Bacterial Pathogen Genomics Workshop

Author

Vishnu Raghuram

5-Day Pathogen Genomics Workshop Schedule

The goal of this workshop is to provide participants with a solid foundation in pathogen genomics, covering key bioinformatics tools and concepts, ensuring a mix of theoretical learning and hands-on exercises.


Day 1: Bash Basics & Genomics Workflow

Goal: Get everyone on the same page regarding command-line basics, the bacterial genomics workflow, and basic tools used in pathogen genomics.

1. Introduction to the Command Line

  • What is the command line? Why is it essential in genomics?
  • File structure, directories, and navigating the command line.
  • Key commands (e.g., ls, cd, cp,mkdir, etc.)
  • Simple text processing (using grep, sed, tr)
  • Hands-on exercises combining different commands, piping and output redirection.

2. Overview of the Bacterial Genomics Workflow

  • Overview of the genomic analysis pipeline for bacteria: QC, genome assembly, annotation, variant calling
  • Why do we perform each step? What are the key questions each step answers in pathogen genomics?
  • Participants will run fastp, Shovill, bakta and snippy (or snippy-multi) on sample data.
  • Writing a simple loop to automate processing multiple samples

Day 2: Public Databases and overall genomic distance estimation

Goal: Introduce public pathogen surveillance databases and tools for genome comparison.

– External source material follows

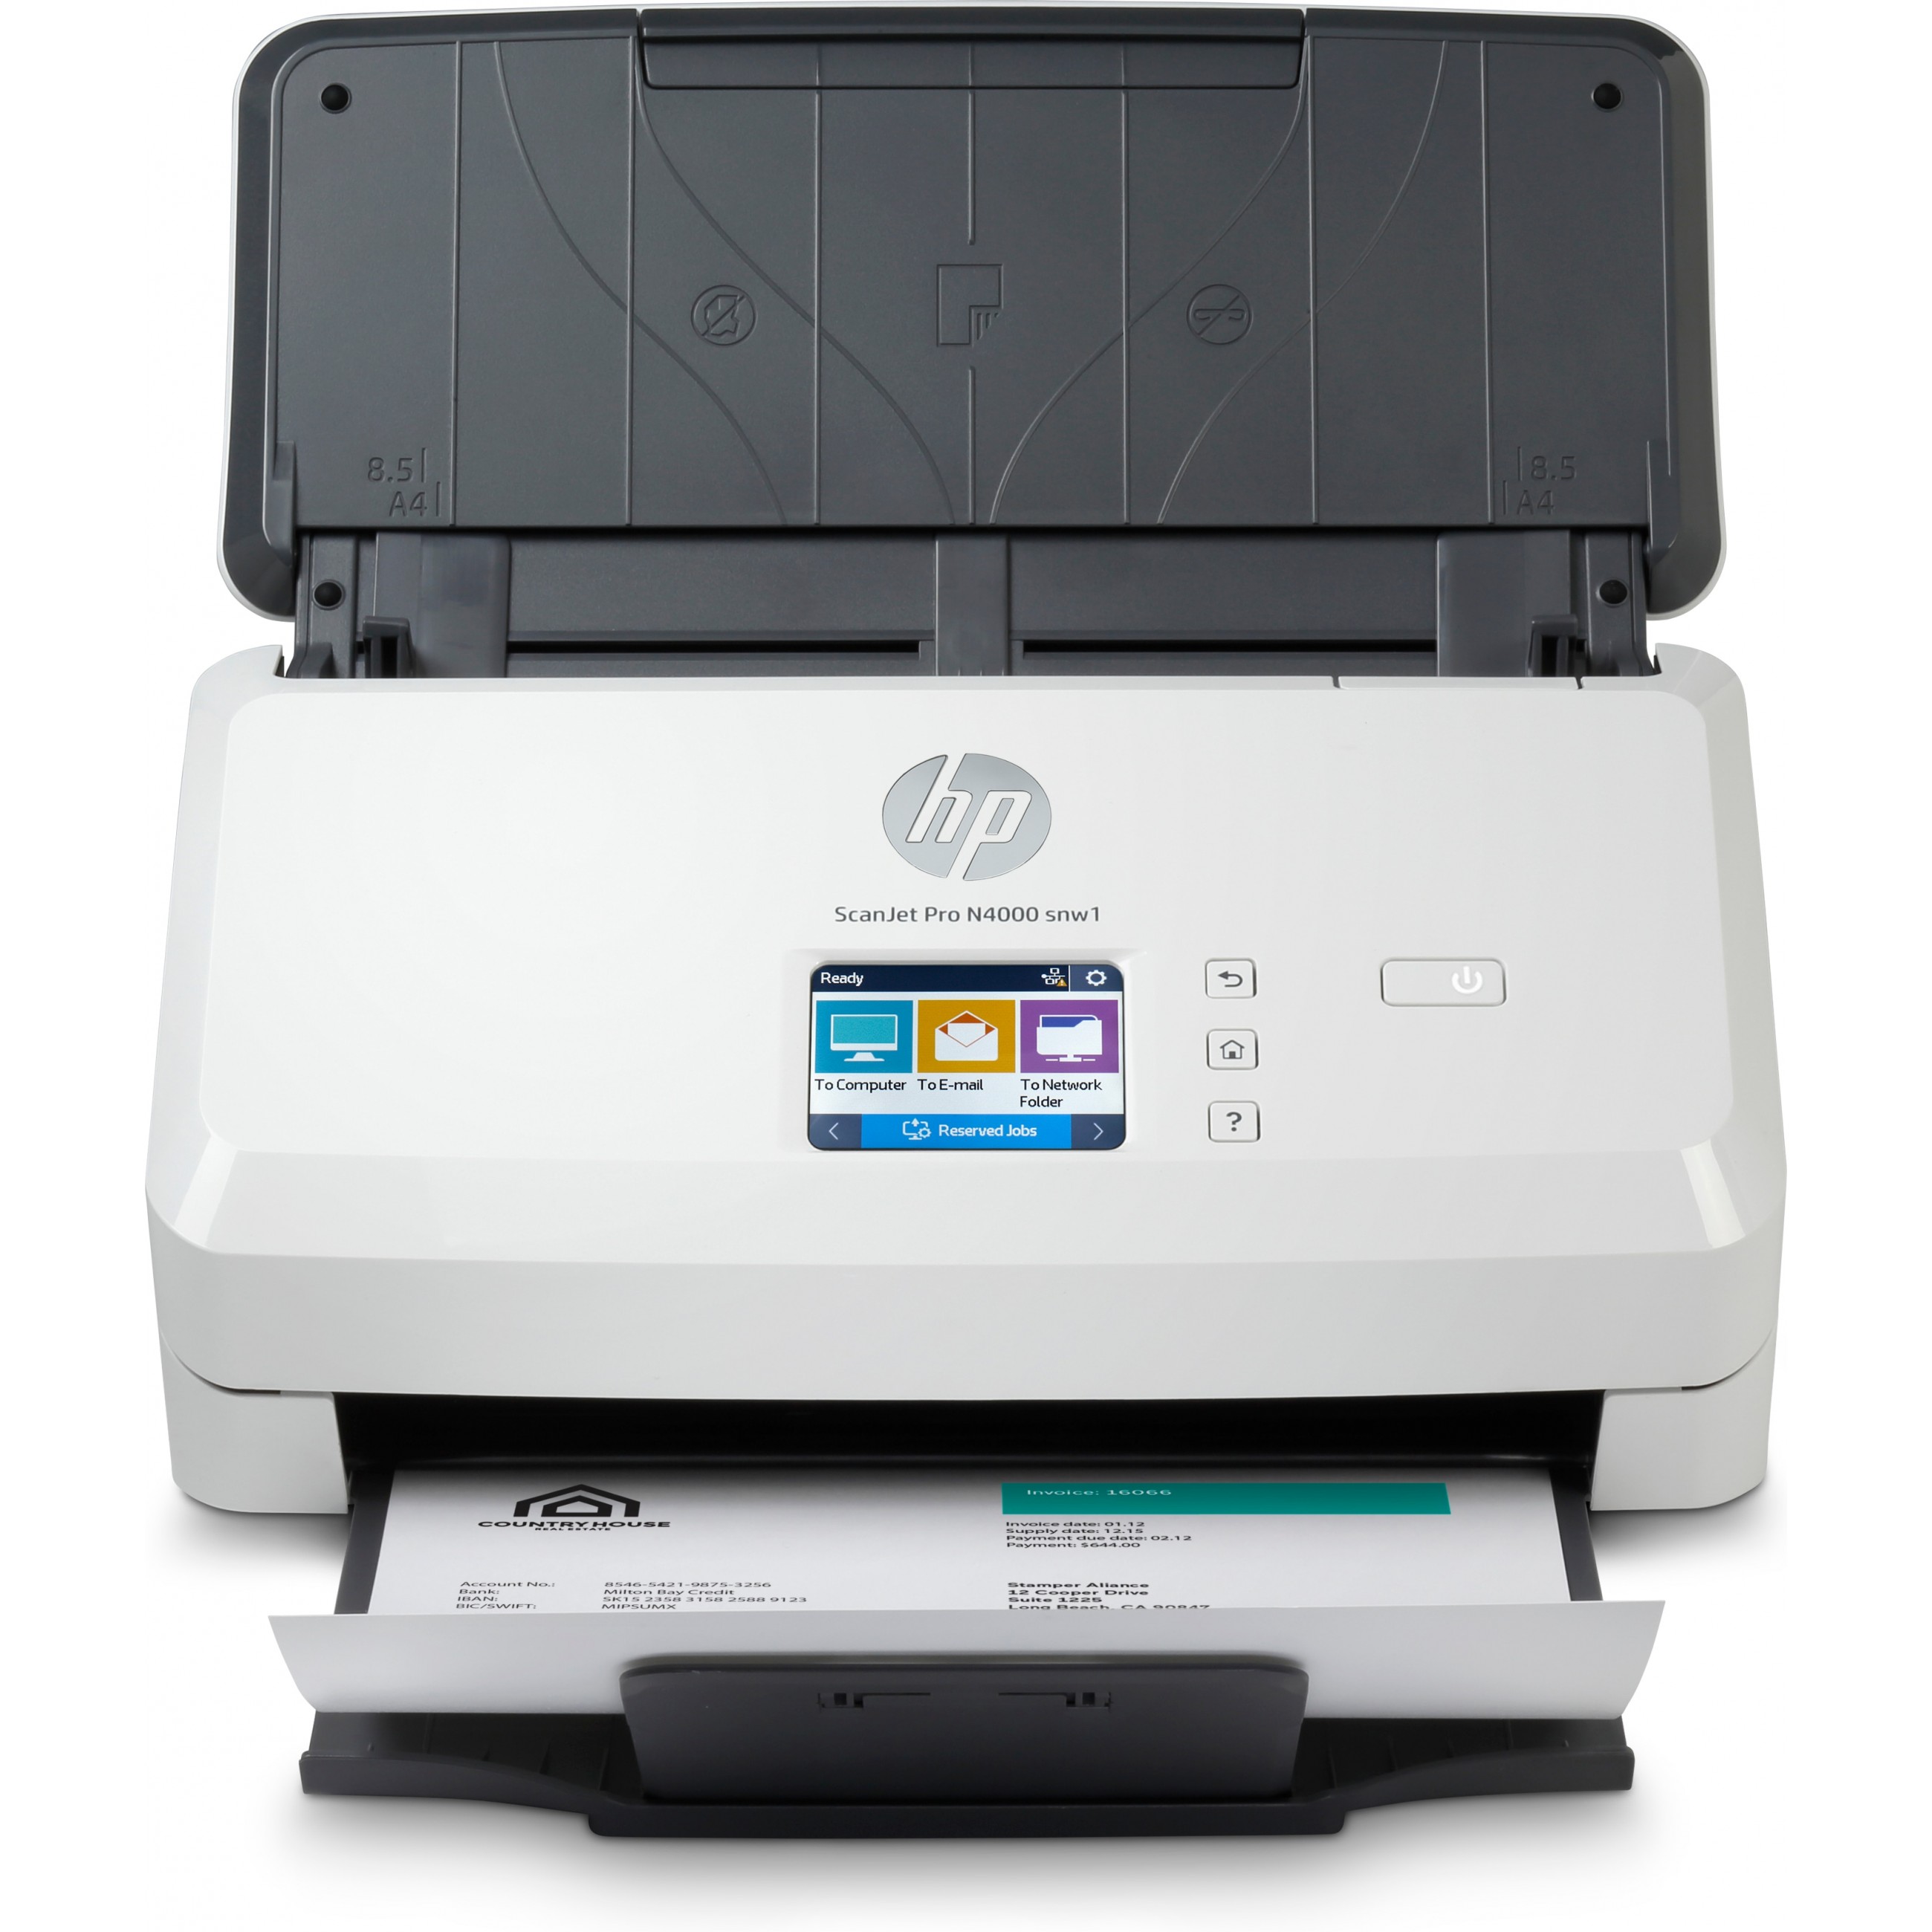 HP Scanjet Pro N4000 snw1 Sheet-feed Scanner - 6FW08A#B19

3. Public Pathogen Genomics Databases

  • Exploring of NCBI, SRA, BioSamples, BioProjects.
  • The importance of using public databases in surveillance and research
  • Retrieving genomic data from public databases (ncbi-genome-download,ncbi-datasets,sratools).
  • Exploring Enterobase.

4. Genomic distance estimation

  • MLST and how it’s used in pathogen typing
  • Introduction to genome distance estimation methods (MASH, ANI, SNP distances)
  • Participants will use MLST to assign sequence types to bacterial genomes.
  • Participants will run mash,skani, and snp-dists calculate genome distances from sample data.

5. Basic Data Visualization with RStudio

  • Setting up RStudio, installing essential packages, reading data tables
  • Data visualization in RStudio: ggplot2, ggtree, and other essential packages.
  • Participants will create basic visualizations using ggplot2 (e.g., bar plots, scatter plots).

Day 3: Analysis of popoulations using pangenomics and phylogenies

Goal: Introduce pangenomes and phylogenies

6. Phylogenetic Trees and gene presence/absence data

  • What is a phylogenetic tree? How is it used to study pathogen evolution?
  • Discussion on tree-building methods (e.g. Neighbor-Joining, Maximum Likelihood)
  • Participants will generate a Neighbour-Joining tree using mashtree and a ML tree using IQ-TREE.
  • What is pangenomics? Why is it important for studying pathogen diversity?
  • Overview of pangenomic analysis workflows and tools (e.g., Panaroo for bacterial pangenomes).

Day 4: Advanced Visualization & Data Analysis

Goal: Dive deeper into RStudio for advanced data visualization techniques and analysis.

7. Advanced Visualization with R

  • Advanced visualizations: Heatmaps, PCA/UMAP, faceting.
  • Advanced ggtree usage with gheatmap
  • Exploring visualization of SNP distances, pangenomes, and phylogenetic trees.

8. Large-scale data analysis using HPCs, Nextflow, SLURM

  • Brief overview of writing pipelines, NextFlow, SLURM
  • Discussing scaling up and automation (using Bactopia)

Day 5: Troubleshooting & Open Session

Goal: Allow time for troubleshooting, revisiting any unclear topics, and addressing specific questions.

  • Extra time in case of any overflow from previous days
  • Brief recap of everything covered over the week.
  • Participants can ask specific questions or seek help with problems encountered during the week.
  • Help with more advanced problems that might relate to participants’ own research.